Plasmonic Nanomaterials for Optical-to-Electrical Energy Conversion
High-quality semiconductor solids have been the dominant photovoltaic materials platform for decades. Although several alternative approaches have been proposed, e.g. dye-sensitized cells or polymeric solids, none compete in terms of cost and conversion efficiency, the crucial benchmarks for industrial scale implementation. However, semiconductors suffer from several fundamental limitations relating to the microscopic mechanism of power conversion that preclude them, even theoretically, from achieving conversion efficiency at the Carnot limit of 95%. Indeed, the fundamentally different tasks of semiconductors in photovoltaic devices, both as optical absorbers, and separately, for electron-hole pair separation and collection, often demand opposing trade-offs in materials optimization.
Alternatively, recent advances in subwavelength metal optics, e.g. nanophotonics, metamaterials, and plasmonics, provide several new examples where nanostructured metals perform the separate tasks of absorption and charge separation necessary for photovoltaic power conversion. Nanostructured metals are extremely efficient broadband absorbers of radiation, with tailorable optical properties throughout the visible and infrared spectrum. It is traditionally assumed that the lack of a band gap and consequent fast electronic relaxation (~fs) and short mean free path (~ 100 nm) hinders efficient carrier collection. However, new phenomena have been observed resulting from the remarkable energy concentration and nanoscale collection geometry afforded by plasmonic systems. In this talk, I will describe two ongoing studies in our laboratory that exemplify opportunities for metal-based optical energy conversion: (1) Excitation with circularly polarized illumination can induce strong, persistent electrical drift currents in resonant metal nanostructures via the inverse faraday effect. (2) Plasmonic absorption in metal nanostructures provides an entirely new mechanism for generating electrochemical potential from photons. I have termed this behavior ‘the plasmoelectric effect’ (Science, 2014).

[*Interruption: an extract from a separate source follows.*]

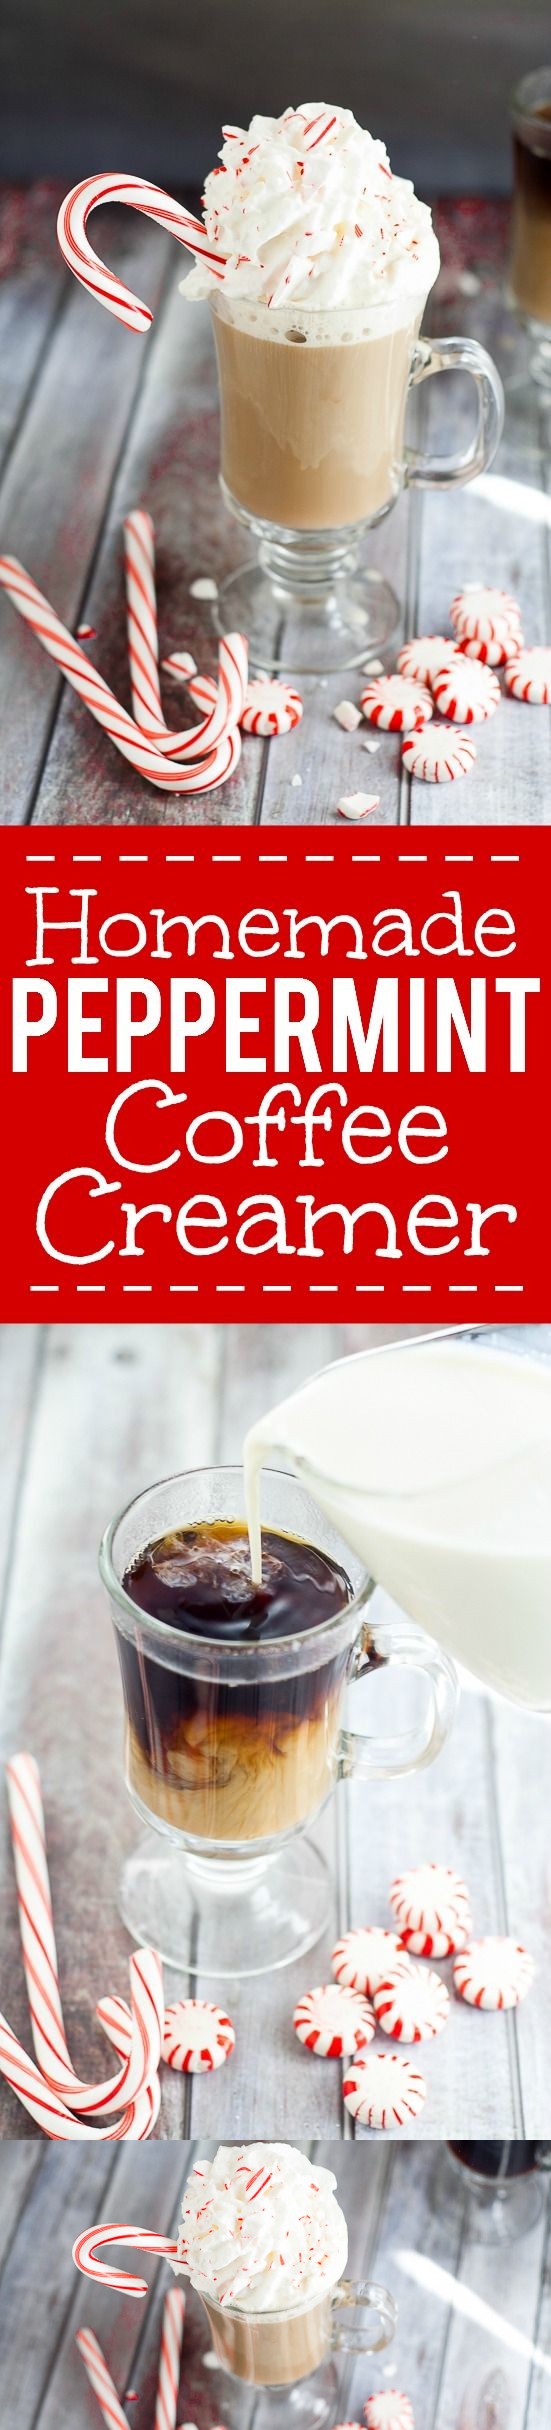 Peppermint Coffee Creamer

Matthew Sheldon is an Assistant Professor in the Departments of Chemistry and Materials Science & Engineering at Texas A&M University. He received his BA in Chemistry from Carleton College in 2004 and a PhD in Chemistry in 2010 from the University of California, Berkeley, where his thesis work characterized the electrical properties of individual semiconductor nanocrystals. From 2010-2014 he was a postdoctoral fellow in the Materials Science and Applied Physics department at the California Institute of Technology. His research centers on the use of nanomaterials for solar energy, as well as related opportunities at the intersection of material science, chemistry and nanophotonics. His work has generated multiple patents relating to optical power conversion, and has been featured in Nature Magazine 'Research Highlights' and on the cover of the IEEE Journal of Selected Topics in Quantum Electronics.